This study aims to develop an accurate and robust calibration method for triaxial magnetometers by introducing a reinforcement learning-driven adaptive particle swarm optimization (RLAPSO) framework.
A RLAPSO algorithm is proposed for triaxial magnetometer error calibration. Within the conventional particle swarm optimization (PSO) framework, a Sobol low-discrepancy sequence-based initialization strategy is employed to improve population diversity, an outlier detection-driven inertia weight adjustment mechanism is introduced to dynamically balance exploration and exploitation and a reinforcement learning-based learning factor regulation strategy is integrated to enable adaptive parameter tuning. These mechanisms collaboratively enhance global search capability, convergence speed and solution stability.
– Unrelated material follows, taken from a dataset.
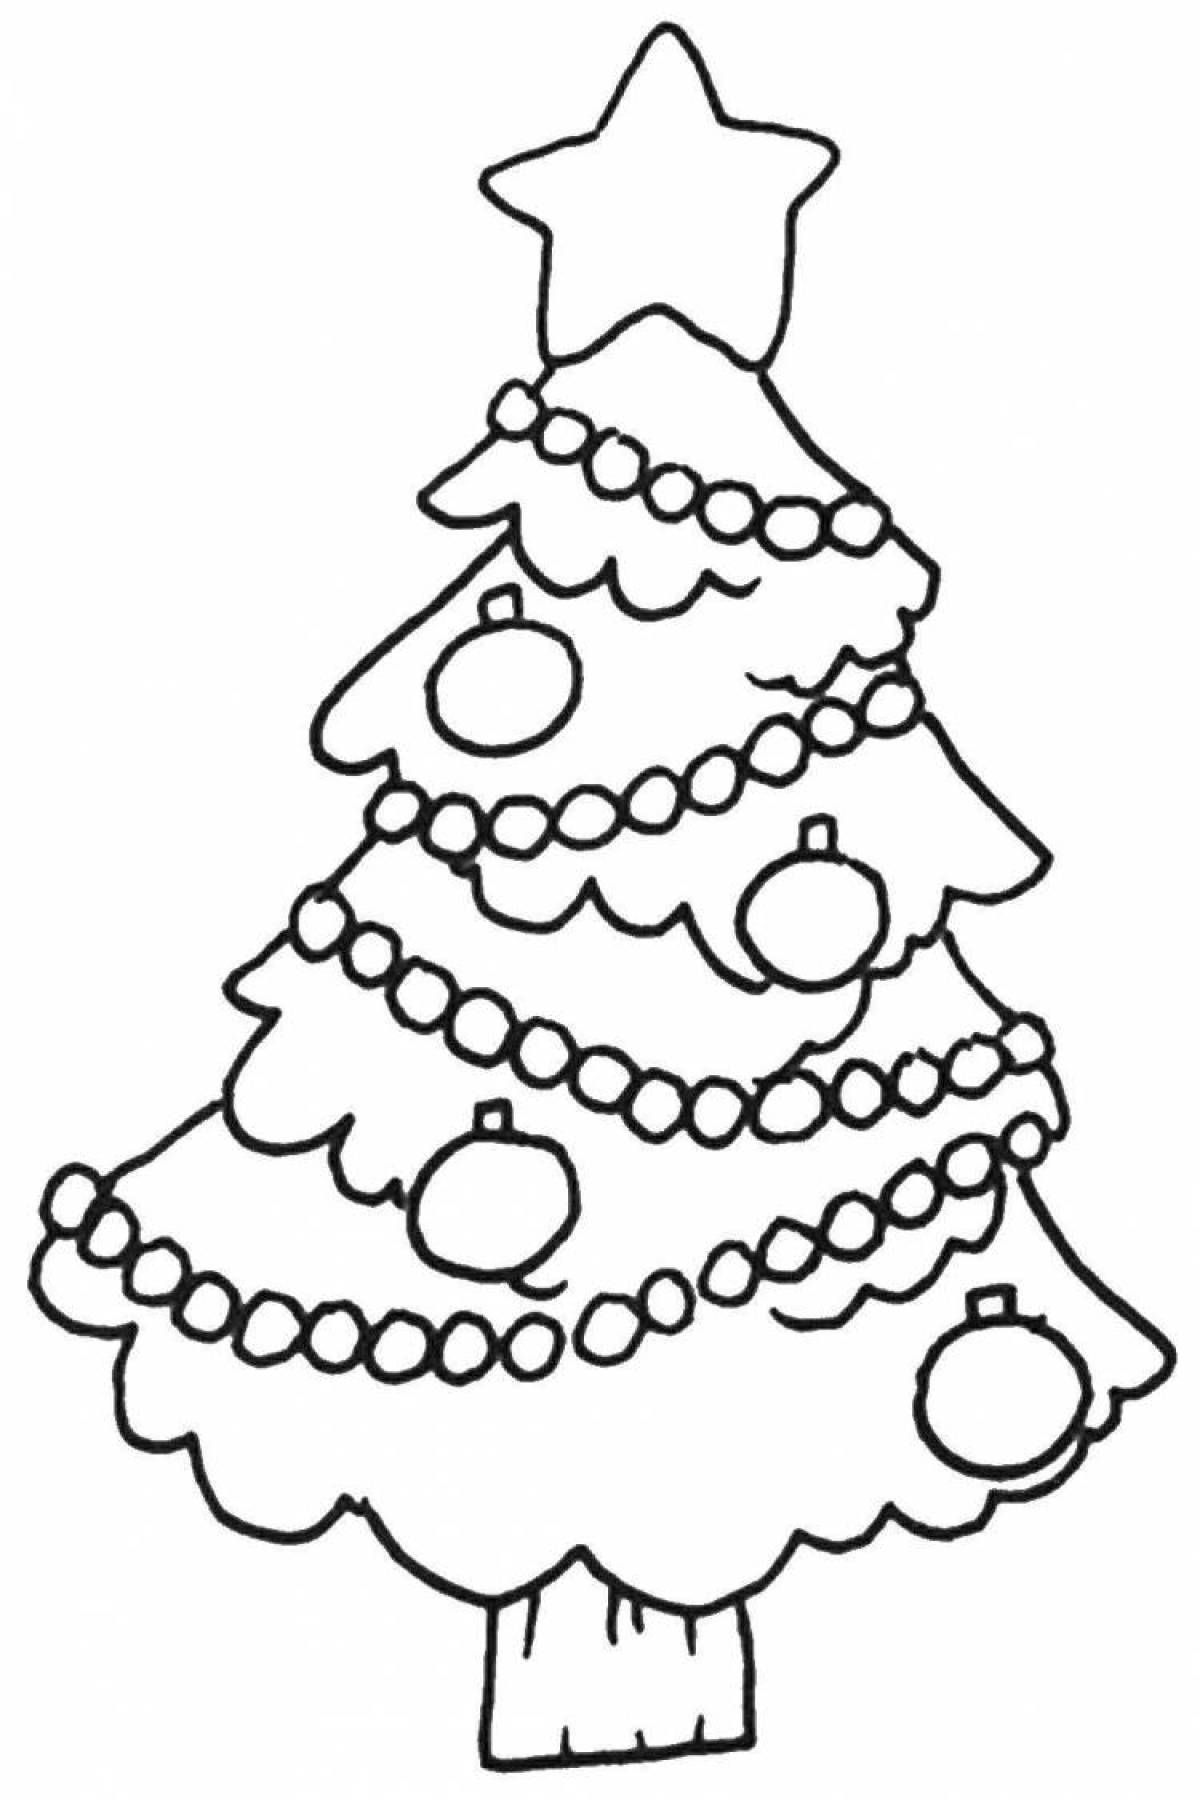 Exquisite Christmas tree coloring book for 2-3 year olds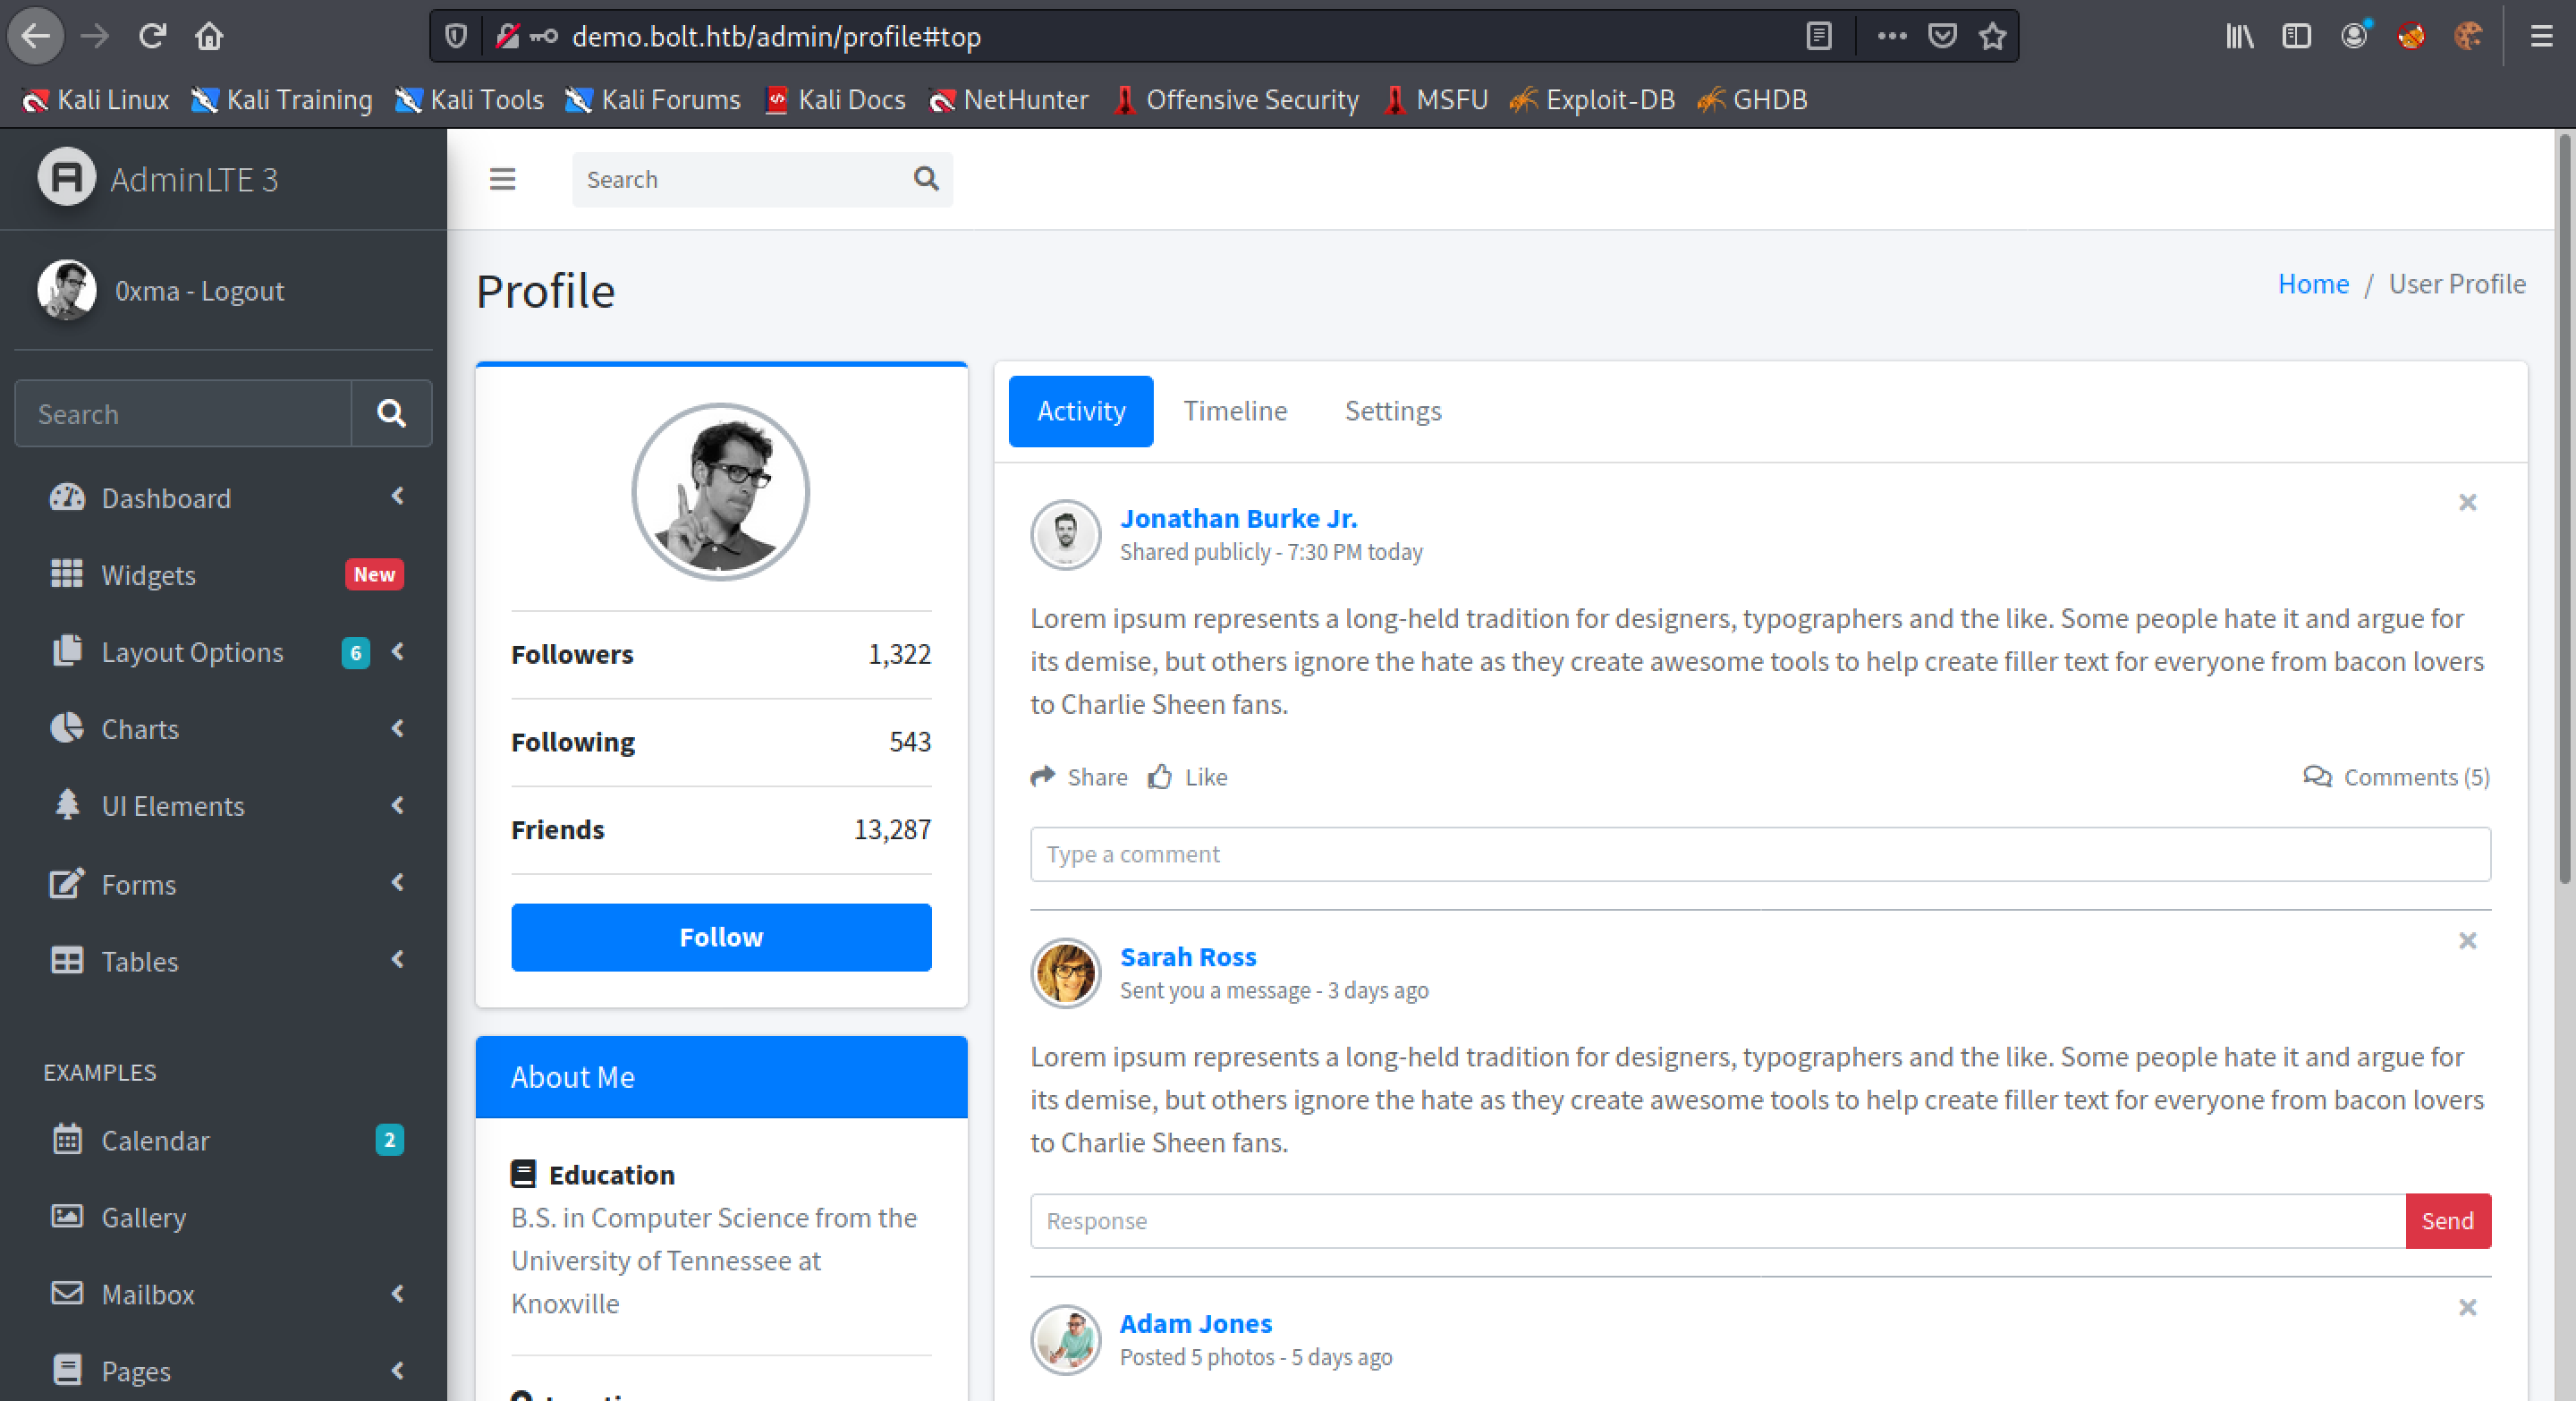 Profile page of a user.

Simulation experimental results demonstrate that RLAPSO achieves stable and accurate calibration under different noise conditions and significantly outperforms several comparative algorithms in terms of convergence speed and parameter estimation accuracy. Furthermore, the algorithm maintains consistent optimization efficiency and solution reliability across different population sizes and search space settings, further validating its applicability and robustness for high-precision calibration tasks in complex interference environments.
This work proposes a reinforcement learning-driven adaptive PSO framework that integrates low-discrepancy initialization and dynamic parameter regulation, providing an effective and robust solution for high-precision triaxial magnetometer calibration.